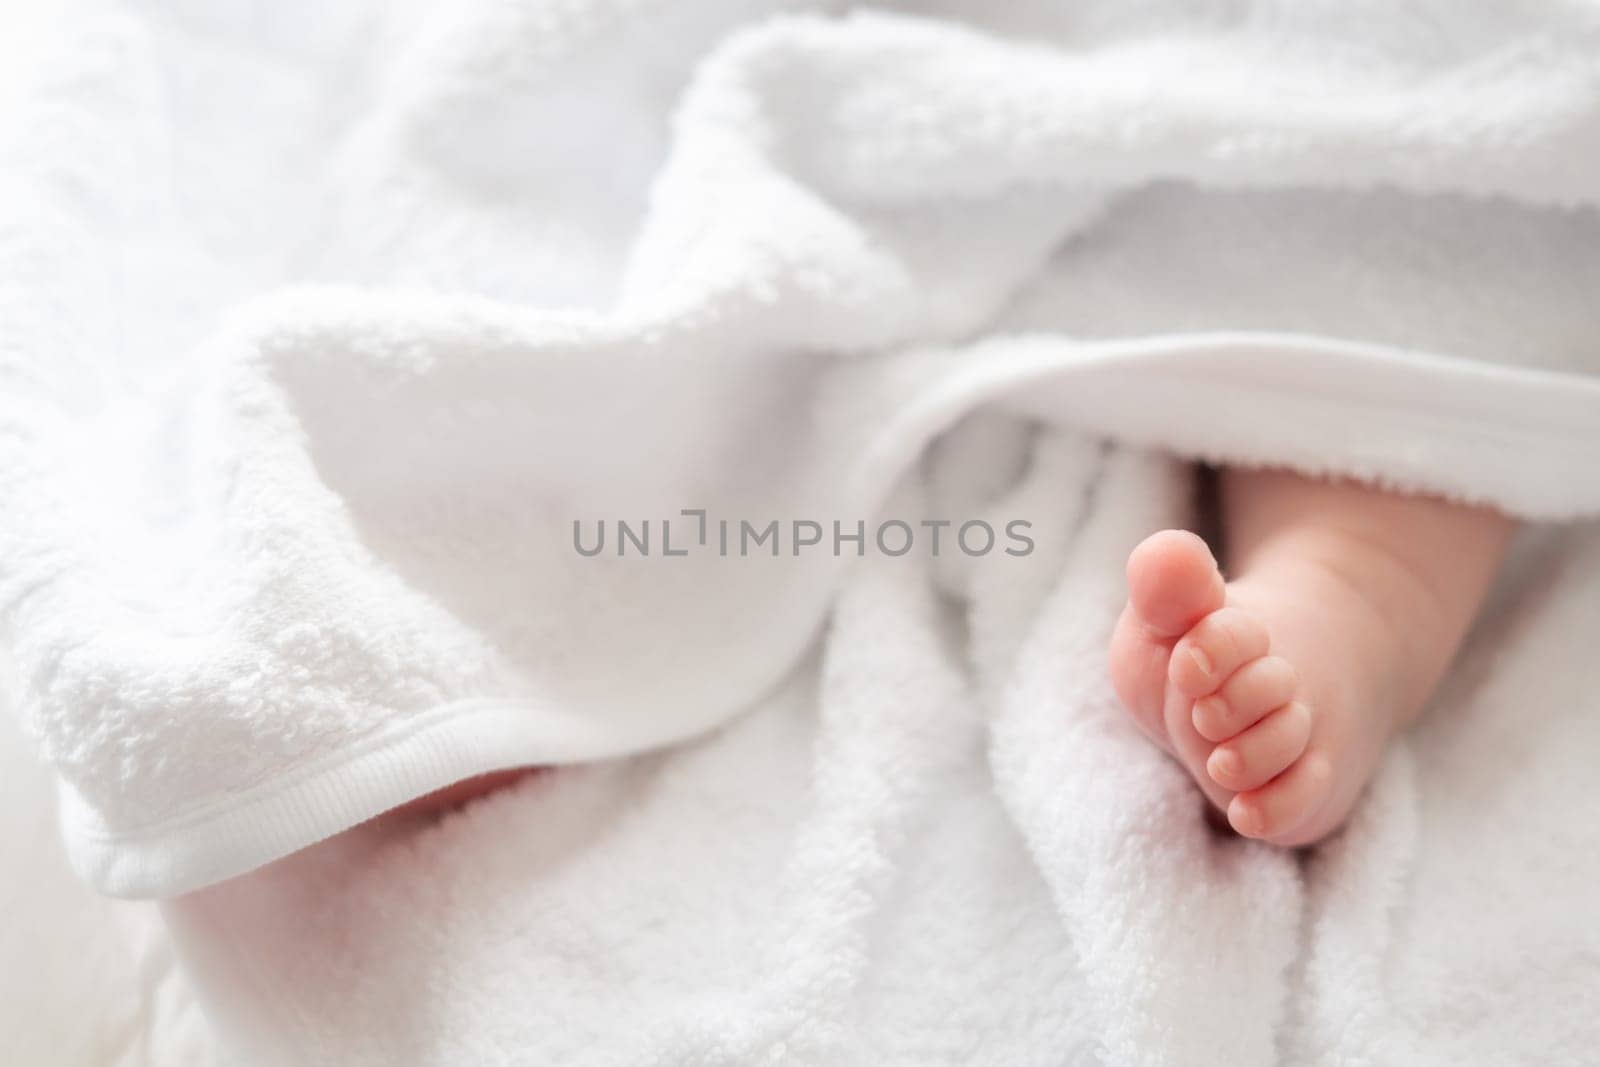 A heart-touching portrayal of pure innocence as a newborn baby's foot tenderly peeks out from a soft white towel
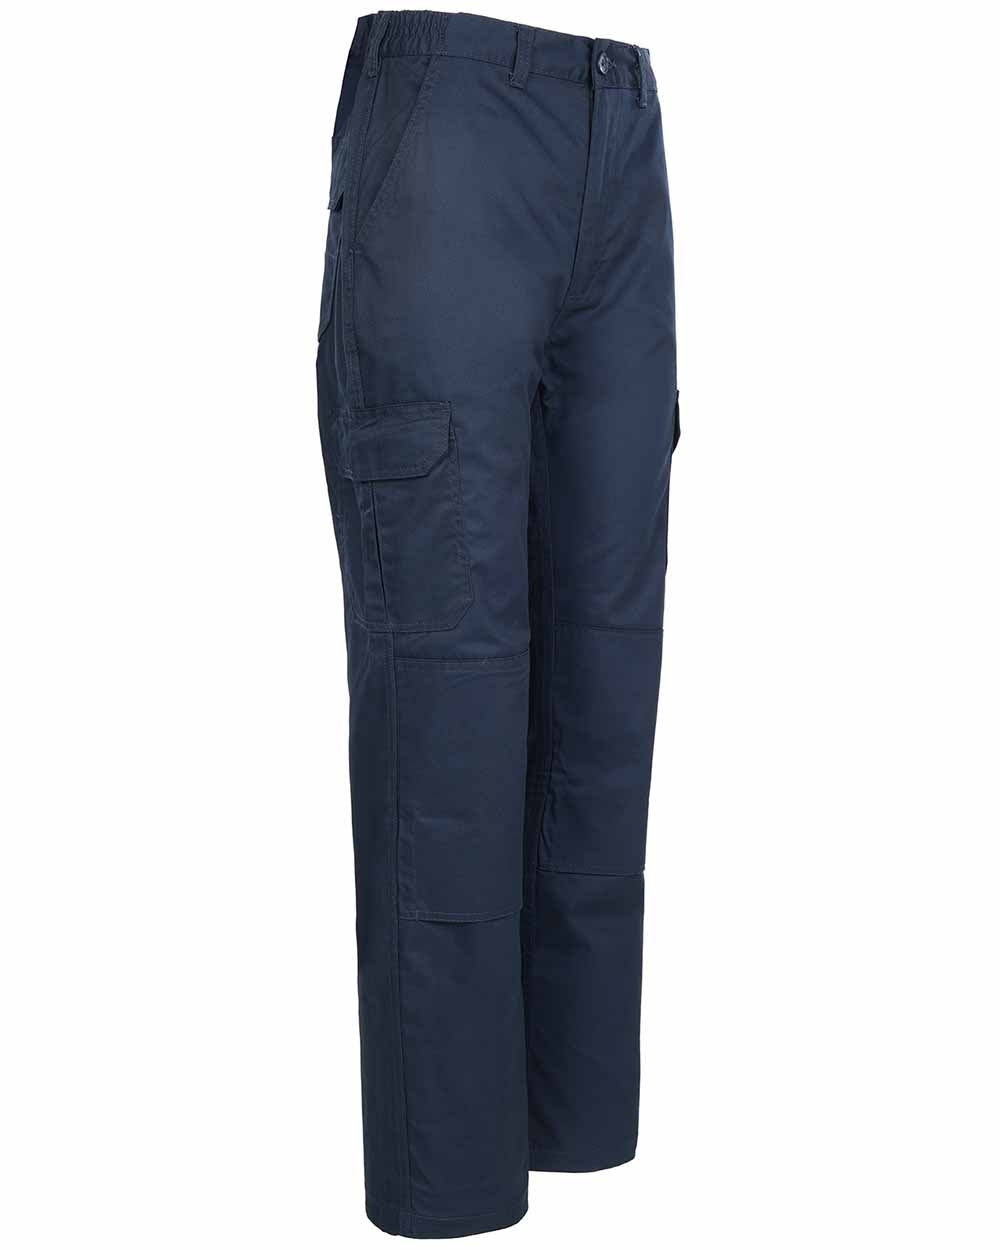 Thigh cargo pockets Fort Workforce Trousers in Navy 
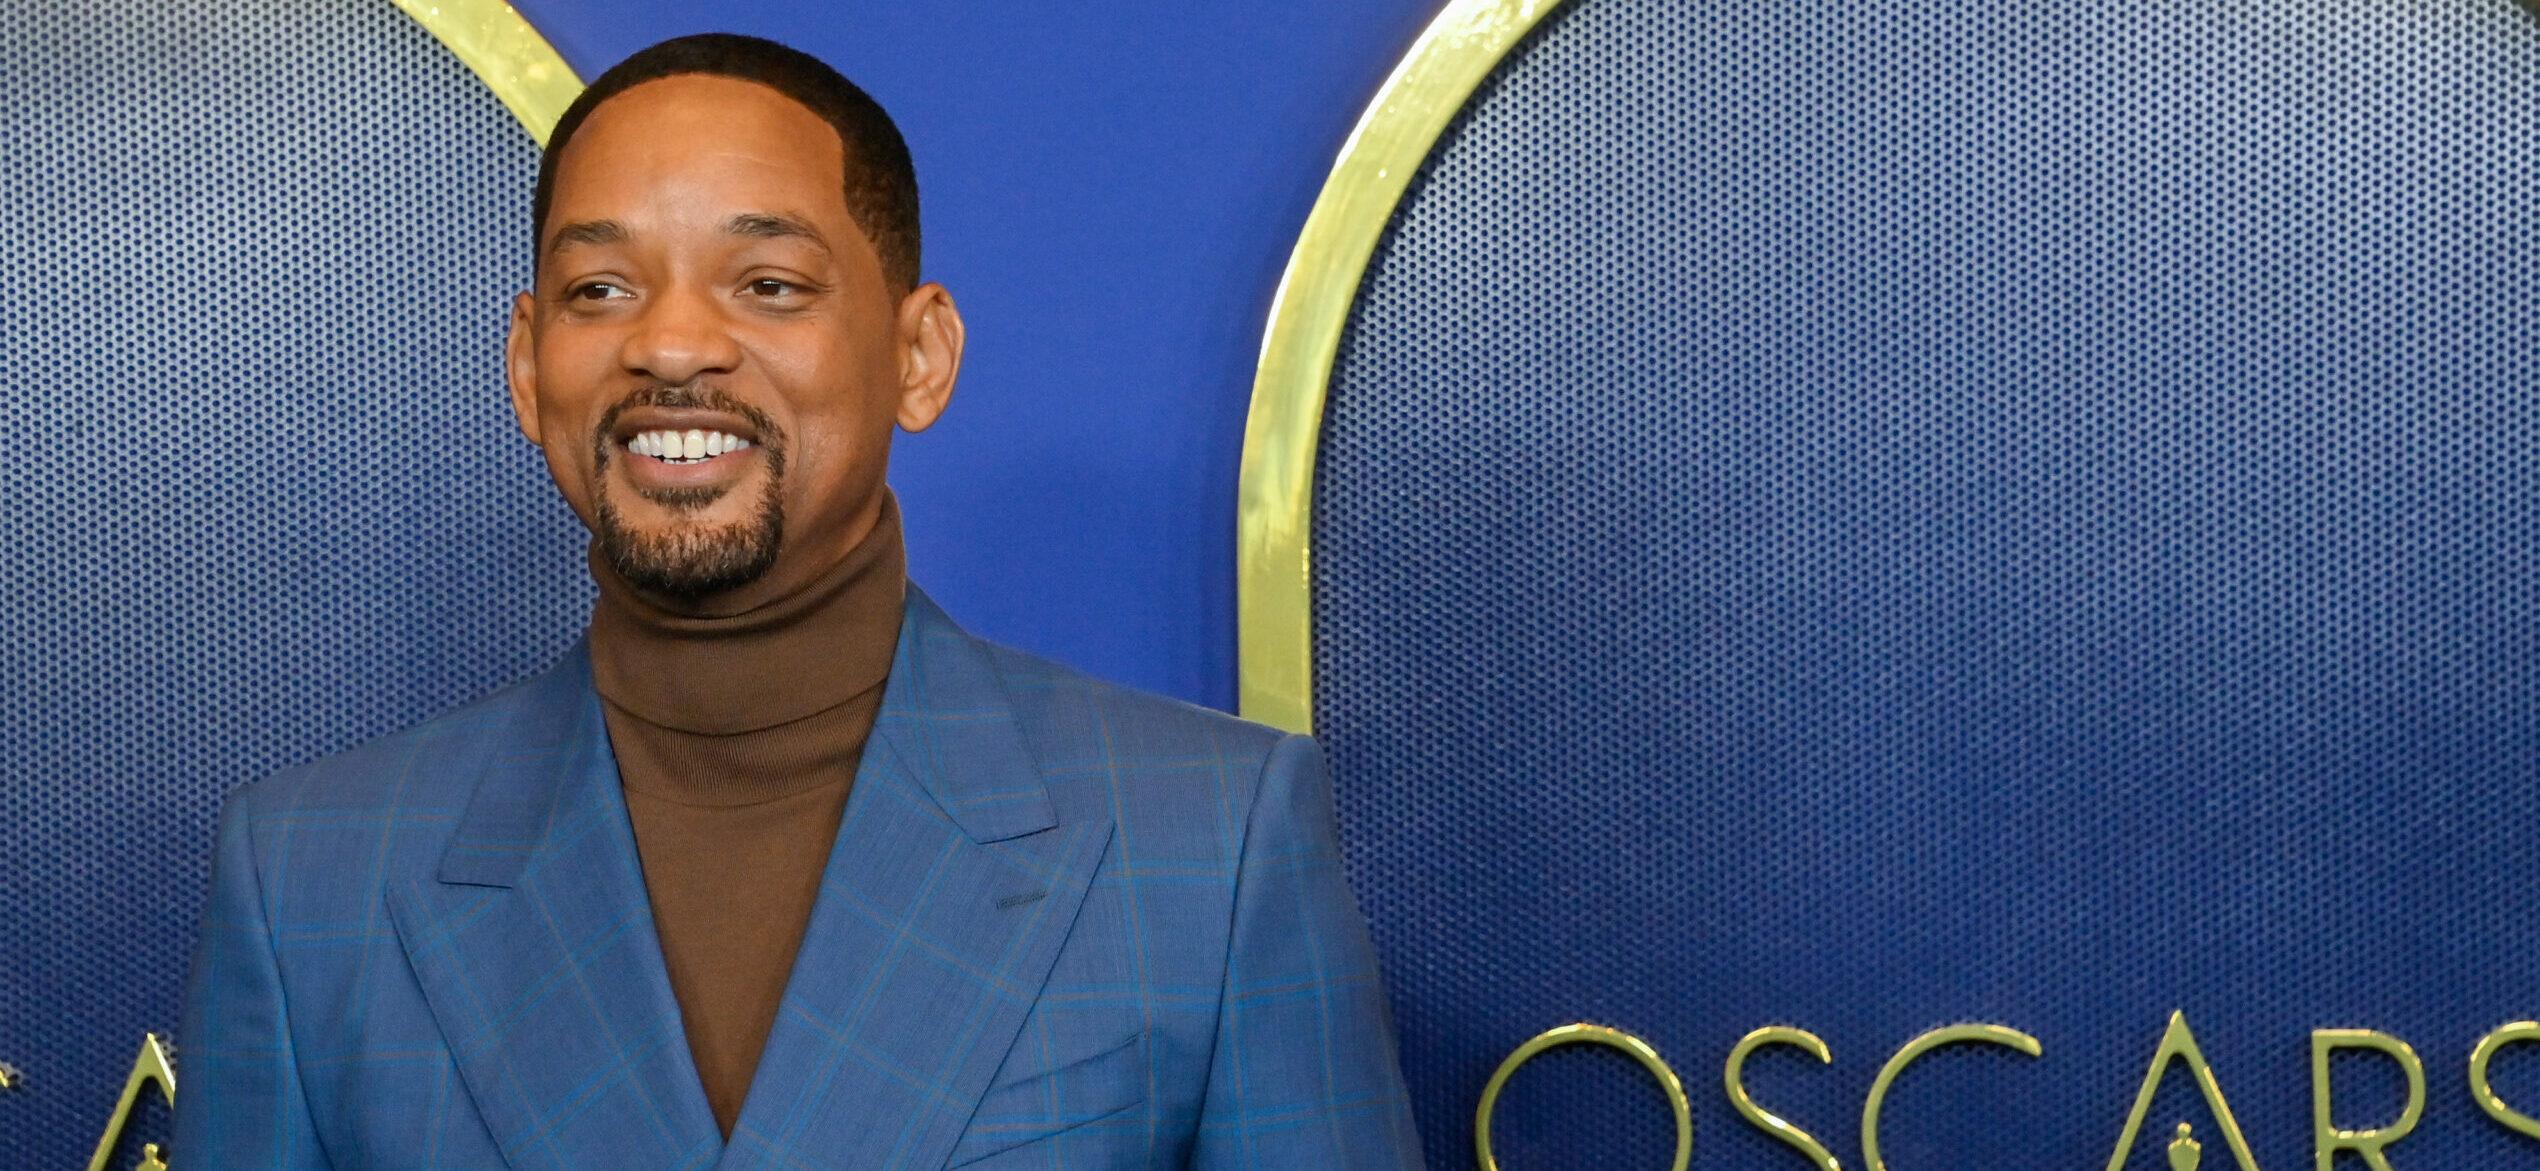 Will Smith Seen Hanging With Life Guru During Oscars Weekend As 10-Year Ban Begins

---+---

▶ _What you should do_
Your reply should hold every line of the material, unaltered, and not one picture.

▶ _Answer section_
 A heart-touching portrayal of pure innocence as a newborn baby's foot tenderly peeks out from a soft white towel
 Thigh cargo pockets Fort Workforce Trousers in Navy 
 Will Smith Seen Hanging With Life Guru During Oscars Weekend As 10-Year Ban Begins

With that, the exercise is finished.